-- Opening Marker --
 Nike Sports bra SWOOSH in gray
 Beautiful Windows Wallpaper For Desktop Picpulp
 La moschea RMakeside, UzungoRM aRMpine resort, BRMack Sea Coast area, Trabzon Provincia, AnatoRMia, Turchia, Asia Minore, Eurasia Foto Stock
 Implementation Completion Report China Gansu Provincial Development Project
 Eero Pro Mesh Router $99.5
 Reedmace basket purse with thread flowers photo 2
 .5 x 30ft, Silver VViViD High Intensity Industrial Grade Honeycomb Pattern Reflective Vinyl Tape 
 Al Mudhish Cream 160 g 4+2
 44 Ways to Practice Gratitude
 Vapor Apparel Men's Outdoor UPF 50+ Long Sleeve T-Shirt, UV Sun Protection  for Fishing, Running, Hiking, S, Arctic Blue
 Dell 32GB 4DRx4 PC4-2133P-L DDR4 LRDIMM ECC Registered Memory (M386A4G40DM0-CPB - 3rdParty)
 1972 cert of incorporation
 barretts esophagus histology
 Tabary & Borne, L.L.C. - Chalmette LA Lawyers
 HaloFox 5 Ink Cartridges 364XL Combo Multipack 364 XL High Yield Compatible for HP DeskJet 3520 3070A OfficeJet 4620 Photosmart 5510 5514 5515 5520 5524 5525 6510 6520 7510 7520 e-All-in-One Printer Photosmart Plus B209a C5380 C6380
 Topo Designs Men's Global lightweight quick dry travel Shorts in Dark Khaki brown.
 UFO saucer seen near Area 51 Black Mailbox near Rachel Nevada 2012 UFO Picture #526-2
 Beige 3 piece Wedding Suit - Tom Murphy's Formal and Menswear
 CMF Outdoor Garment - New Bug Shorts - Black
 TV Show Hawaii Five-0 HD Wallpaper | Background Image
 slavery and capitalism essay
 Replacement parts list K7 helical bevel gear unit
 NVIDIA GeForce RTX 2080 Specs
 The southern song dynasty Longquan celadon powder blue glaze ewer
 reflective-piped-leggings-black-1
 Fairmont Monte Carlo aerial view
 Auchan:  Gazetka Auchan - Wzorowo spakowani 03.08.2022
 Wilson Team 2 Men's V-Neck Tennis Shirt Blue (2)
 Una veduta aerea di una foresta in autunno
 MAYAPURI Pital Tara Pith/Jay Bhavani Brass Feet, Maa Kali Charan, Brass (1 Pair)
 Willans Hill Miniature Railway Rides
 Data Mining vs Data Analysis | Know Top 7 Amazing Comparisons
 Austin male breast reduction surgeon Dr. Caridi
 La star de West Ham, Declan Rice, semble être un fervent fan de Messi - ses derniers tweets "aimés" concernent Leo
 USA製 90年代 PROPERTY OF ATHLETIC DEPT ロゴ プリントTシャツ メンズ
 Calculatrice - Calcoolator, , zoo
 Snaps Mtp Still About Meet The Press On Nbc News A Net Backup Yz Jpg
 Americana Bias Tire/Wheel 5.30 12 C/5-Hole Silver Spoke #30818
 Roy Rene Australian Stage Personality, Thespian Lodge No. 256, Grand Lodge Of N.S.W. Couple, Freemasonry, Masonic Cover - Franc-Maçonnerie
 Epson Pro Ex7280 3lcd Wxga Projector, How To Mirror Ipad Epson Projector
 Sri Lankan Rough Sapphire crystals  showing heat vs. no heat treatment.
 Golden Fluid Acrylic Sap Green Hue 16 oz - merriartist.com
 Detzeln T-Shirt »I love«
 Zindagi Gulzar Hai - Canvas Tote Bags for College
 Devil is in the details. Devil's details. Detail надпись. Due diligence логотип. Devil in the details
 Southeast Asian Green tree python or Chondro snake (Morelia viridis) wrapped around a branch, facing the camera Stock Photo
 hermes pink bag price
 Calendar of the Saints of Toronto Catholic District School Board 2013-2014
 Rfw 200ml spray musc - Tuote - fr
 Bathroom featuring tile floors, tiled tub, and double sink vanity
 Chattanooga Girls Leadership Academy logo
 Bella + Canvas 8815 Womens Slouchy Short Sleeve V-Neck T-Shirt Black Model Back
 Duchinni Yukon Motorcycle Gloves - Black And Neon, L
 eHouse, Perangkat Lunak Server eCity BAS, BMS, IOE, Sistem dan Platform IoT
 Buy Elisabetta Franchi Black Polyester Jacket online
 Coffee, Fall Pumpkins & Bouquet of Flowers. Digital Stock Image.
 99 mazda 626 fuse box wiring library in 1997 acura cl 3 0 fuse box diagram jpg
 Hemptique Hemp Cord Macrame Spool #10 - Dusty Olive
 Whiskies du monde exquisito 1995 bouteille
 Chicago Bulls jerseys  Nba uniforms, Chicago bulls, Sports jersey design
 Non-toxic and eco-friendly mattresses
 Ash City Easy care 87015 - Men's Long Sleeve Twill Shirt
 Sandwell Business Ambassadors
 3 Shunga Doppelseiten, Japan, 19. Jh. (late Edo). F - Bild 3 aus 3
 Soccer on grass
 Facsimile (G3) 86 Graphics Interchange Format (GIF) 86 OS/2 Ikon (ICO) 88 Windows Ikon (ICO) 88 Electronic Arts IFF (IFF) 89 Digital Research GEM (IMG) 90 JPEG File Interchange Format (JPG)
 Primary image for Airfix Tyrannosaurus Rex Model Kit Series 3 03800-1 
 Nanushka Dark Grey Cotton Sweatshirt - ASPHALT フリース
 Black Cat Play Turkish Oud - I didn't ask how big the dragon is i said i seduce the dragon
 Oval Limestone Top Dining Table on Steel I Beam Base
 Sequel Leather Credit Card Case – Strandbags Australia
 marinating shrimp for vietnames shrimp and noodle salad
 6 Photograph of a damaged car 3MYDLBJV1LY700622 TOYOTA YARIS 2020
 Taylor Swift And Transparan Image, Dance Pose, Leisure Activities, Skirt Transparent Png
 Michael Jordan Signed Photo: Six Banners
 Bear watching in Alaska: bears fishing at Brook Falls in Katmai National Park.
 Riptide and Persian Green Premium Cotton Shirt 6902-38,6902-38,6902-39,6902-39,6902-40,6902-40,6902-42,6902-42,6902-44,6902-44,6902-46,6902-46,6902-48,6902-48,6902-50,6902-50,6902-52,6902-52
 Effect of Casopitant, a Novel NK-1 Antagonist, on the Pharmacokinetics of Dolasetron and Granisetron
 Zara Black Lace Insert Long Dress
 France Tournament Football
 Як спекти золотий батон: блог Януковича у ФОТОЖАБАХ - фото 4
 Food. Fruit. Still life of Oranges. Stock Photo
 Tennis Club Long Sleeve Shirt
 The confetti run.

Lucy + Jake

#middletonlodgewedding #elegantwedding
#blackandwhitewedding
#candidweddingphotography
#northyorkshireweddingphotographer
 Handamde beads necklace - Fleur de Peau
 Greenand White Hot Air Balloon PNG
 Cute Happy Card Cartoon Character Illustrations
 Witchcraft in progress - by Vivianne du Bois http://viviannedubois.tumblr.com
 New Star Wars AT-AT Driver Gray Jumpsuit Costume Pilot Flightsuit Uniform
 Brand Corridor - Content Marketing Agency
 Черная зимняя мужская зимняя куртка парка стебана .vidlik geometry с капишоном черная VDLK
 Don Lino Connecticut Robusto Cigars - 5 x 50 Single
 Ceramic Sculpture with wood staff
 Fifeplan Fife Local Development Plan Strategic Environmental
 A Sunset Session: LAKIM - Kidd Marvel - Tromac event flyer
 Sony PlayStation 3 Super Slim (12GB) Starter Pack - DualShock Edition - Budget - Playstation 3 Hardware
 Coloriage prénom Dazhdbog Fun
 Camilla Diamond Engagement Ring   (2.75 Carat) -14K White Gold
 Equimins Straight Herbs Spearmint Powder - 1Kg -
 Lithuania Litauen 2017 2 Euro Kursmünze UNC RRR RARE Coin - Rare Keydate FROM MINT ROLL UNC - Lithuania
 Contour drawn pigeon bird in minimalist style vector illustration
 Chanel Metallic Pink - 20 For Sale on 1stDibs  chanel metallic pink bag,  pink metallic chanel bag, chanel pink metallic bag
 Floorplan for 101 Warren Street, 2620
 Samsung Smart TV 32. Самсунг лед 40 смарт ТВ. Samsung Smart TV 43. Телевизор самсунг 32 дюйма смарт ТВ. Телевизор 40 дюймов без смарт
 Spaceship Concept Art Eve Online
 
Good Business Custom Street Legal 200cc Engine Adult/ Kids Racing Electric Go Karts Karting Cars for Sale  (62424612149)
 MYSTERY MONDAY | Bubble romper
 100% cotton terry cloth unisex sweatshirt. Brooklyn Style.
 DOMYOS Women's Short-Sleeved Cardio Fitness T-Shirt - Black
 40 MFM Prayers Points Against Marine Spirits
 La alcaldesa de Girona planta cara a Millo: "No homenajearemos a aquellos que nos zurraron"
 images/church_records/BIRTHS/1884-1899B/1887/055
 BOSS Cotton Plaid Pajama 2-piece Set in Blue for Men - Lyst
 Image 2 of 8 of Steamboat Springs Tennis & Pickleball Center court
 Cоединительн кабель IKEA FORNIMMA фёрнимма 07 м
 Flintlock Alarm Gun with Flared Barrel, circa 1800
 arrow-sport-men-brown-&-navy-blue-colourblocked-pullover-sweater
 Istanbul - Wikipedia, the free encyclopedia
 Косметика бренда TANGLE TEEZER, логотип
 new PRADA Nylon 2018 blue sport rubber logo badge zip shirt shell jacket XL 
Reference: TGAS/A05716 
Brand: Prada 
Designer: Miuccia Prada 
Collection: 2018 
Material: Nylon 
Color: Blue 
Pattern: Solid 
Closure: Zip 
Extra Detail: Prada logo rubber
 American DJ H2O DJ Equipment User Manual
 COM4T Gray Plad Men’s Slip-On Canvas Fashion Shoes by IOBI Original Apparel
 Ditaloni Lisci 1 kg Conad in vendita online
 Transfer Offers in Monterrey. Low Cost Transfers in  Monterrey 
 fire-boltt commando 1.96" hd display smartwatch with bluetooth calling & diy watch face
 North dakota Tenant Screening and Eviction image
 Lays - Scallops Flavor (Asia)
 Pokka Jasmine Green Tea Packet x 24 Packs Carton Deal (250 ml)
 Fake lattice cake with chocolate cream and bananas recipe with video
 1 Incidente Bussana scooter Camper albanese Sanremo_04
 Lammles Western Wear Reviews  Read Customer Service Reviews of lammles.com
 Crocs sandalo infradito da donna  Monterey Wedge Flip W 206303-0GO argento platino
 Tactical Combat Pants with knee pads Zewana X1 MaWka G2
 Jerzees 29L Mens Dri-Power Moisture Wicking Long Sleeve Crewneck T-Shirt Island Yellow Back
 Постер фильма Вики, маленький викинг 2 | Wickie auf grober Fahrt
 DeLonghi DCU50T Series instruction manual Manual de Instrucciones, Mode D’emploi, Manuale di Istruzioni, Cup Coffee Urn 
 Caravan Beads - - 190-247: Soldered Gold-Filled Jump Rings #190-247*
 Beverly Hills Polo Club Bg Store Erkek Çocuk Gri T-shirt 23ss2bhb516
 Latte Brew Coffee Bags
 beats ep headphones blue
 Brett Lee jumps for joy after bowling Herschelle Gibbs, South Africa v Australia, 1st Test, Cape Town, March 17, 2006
-- Closing Marker --
◆ **Problem details**
Going down the listing above, begin printing at the line with "Topo Designs Men's" and finish with the line with "Sri Lankan Rough", exactly as they appear.

◆ **Output of the task**
 Topo Designs Men's Global lightweight quick dry travel Shorts in Dark Khaki brown.
 UFO saucer seen near Area 51 Black Mailbox near Rachel Nevada 2012 UFO Picture #526-2
 Beige 3 piece Wedding Suit - Tom Murphy's Formal and Menswear
 CMF Outdoor Garment - New Bug Shorts - Black
 TV Show Hawaii Five-0 HD Wallpaper | Background Image
 slavery and capitalism essay
 Replacement parts list K7 helical bevel gear unit
 NVIDIA GeForce RTX 2080 Specs
 The southern song dynasty Longquan celadon powder blue glaze ewer
 reflective-piped-leggings-black-1
 Fairmont Monte Carlo aerial view
 Auchan:  Gazetka Auchan - Wzorowo spakowani 03.08.2022
 Wilson Team 2 Men's V-Neck Tennis Shirt Blue (2)
 Una veduta aerea di una foresta in autunno
 MAYAPURI Pital Tara Pith/Jay Bhavani Brass Feet, Maa Kali Charan, Brass (1 Pair)
 Willans Hill Miniature Railway Rides
 Data Mining vs Data Analysis | Know Top 7 Amazing Comparisons
 Austin male breast reduction surgeon Dr. Caridi
 La star de West Ham, Declan Rice, semble être un fervent fan de Messi - ses derniers tweets "aimés" concernent Leo
 USA製 90年代 PROPERTY OF ATHLETIC DEPT ロゴ プリントTシャツ メンズ
 Calculatrice - Calcoolator, , zoo
 Snaps Mtp Still About Meet The Press On Nbc News A Net Backup Yz Jpg
 Americana Bias Tire/Wheel 5.30 12 C/5-Hole Silver Spoke #30818
 Roy Rene Australian Stage Personality, Thespian Lodge No. 256, Grand Lodge Of N.S.W. Couple, Freemasonry, Masonic Cover - Franc-Maçonnerie
 Epson Pro Ex7280 3lcd Wxga Projector, How To Mirror Ipad Epson Projector
 Sri Lankan Rough Sapphire crystals  showing heat vs. no heat treatment.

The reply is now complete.